During the meeting the committee discussed two stair pressurization petitions (GP1038 and GP1114) and a related request to align National Electrical Code (NEC) citations and NFPA references. Committee members and proponents agreed that one revision (GP1114, revision 3) contained more comprehensive editorial corrections and correct cross‑references; the committee voted to move the more complete revision forward to the State Building Code Council and to deny the overlapping petition (GP1038) as duplicative. The committee asked staff to include the corrected reference to NFPA 70 (the 2023 NEC reference) in the state reference listings (WAC chapter references) so that the cross‑code pointers are consistent.

Separately, the committee considered a proposed clarification about acceptable means to render HVAC ductwork “static” so that static fire dampers and static ceiling radiation dampers can be listed for use. Proponent Eric (last name not specified in the transcript) presented revised language that lists several acceptable actuation methods for shutting down HVAC that serves rated assemblies — options included connection to a fire alarm initiating device, duct heat detection devices, smoke detection integrated with alarm systems, and water‑flow alarm activation for sprinkler systems. Commenters from the fire and mechanical communities discussed practical details: (1) dynamic dampers are intended for systems that remain operational during a fire and are UL‑listed for dynamic operation, (2) many ceiling radiation dampers in the market are static types with fusible links typically rated ~165°F, and (3) small continuous ERV systems used in multifamily construction are common and present operational and enforcement questions because they run continuously.

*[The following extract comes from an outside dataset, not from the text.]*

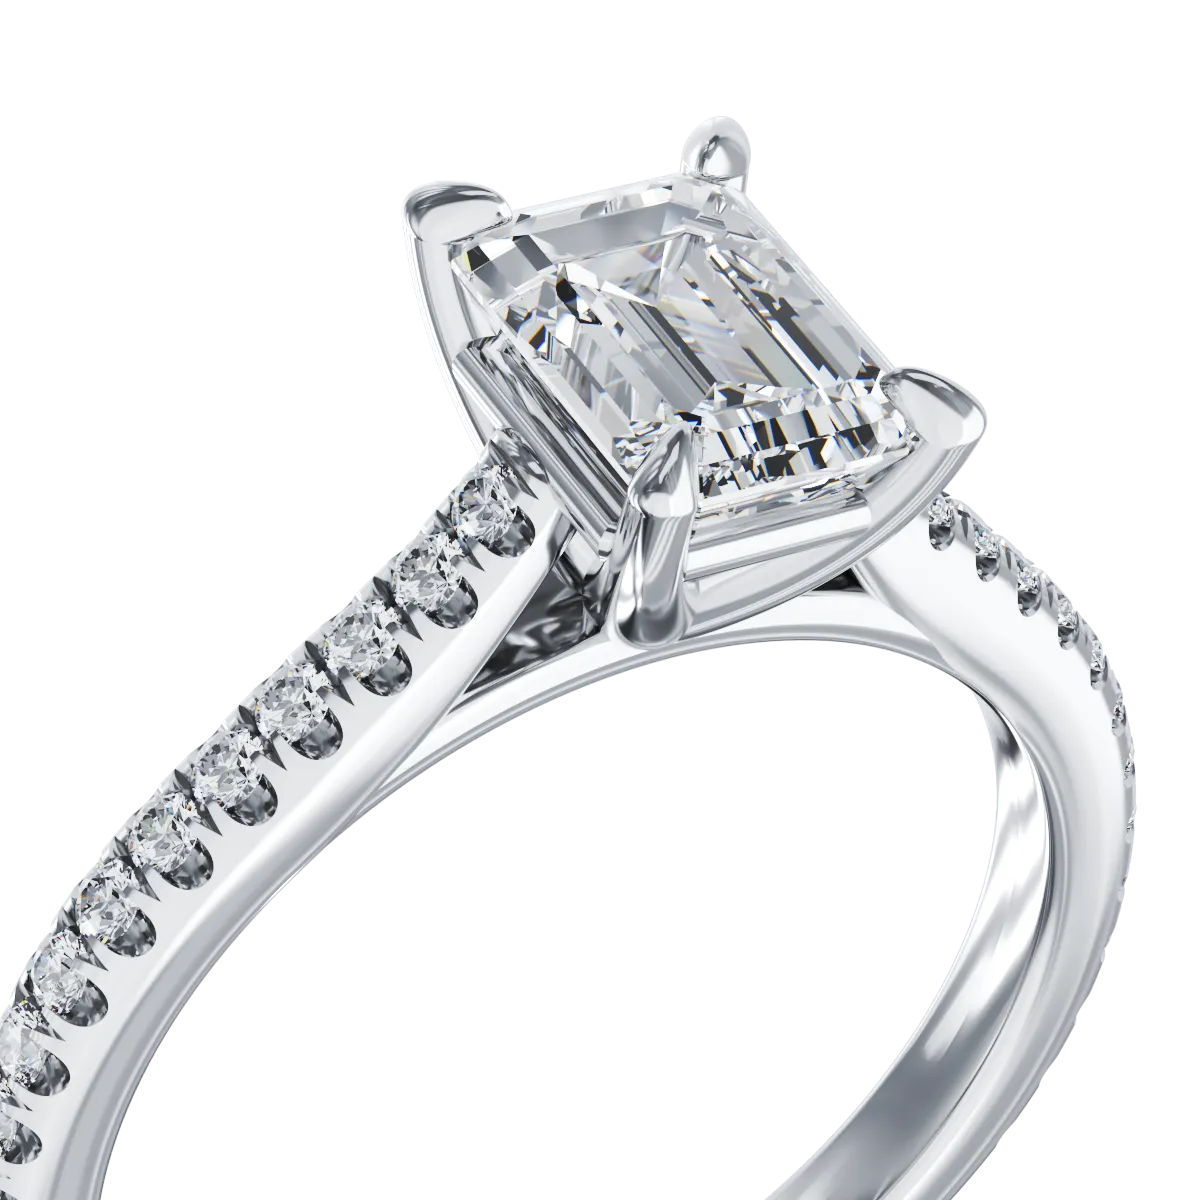 Годежен пръстен от платина с диамант 1гкт u диаманти 0.223гкт

Given outstanding technical clarifications, the committee tabled the damper shutdown clarifications until the next meeting and asked proponents and technical stakeholders (mechanical and fire protection engineers, manufacturers and AHJs) to work offline to refine the definitions and actuation temperature ranges, to confirm which devices qualify as listed heat or smoke detectors for duct use, and to provide suggested language consistent with NFPA 72/13 and the building code. The committee asked staff to circulate an introduction e‑mail to coordinate the follow‑up working group and directed proponents to meet before the next BFRW meeting.

Why it matters: Stair pressurization and acceptable methods to render ductwork static affect how projects satisfy egress and fire‑protection requirements. The committee’s decision to consolidate overlapping petitions and to refine acceptable shutdown mechanisms is intended to reduce inconsistent interpretations across jurisdictions.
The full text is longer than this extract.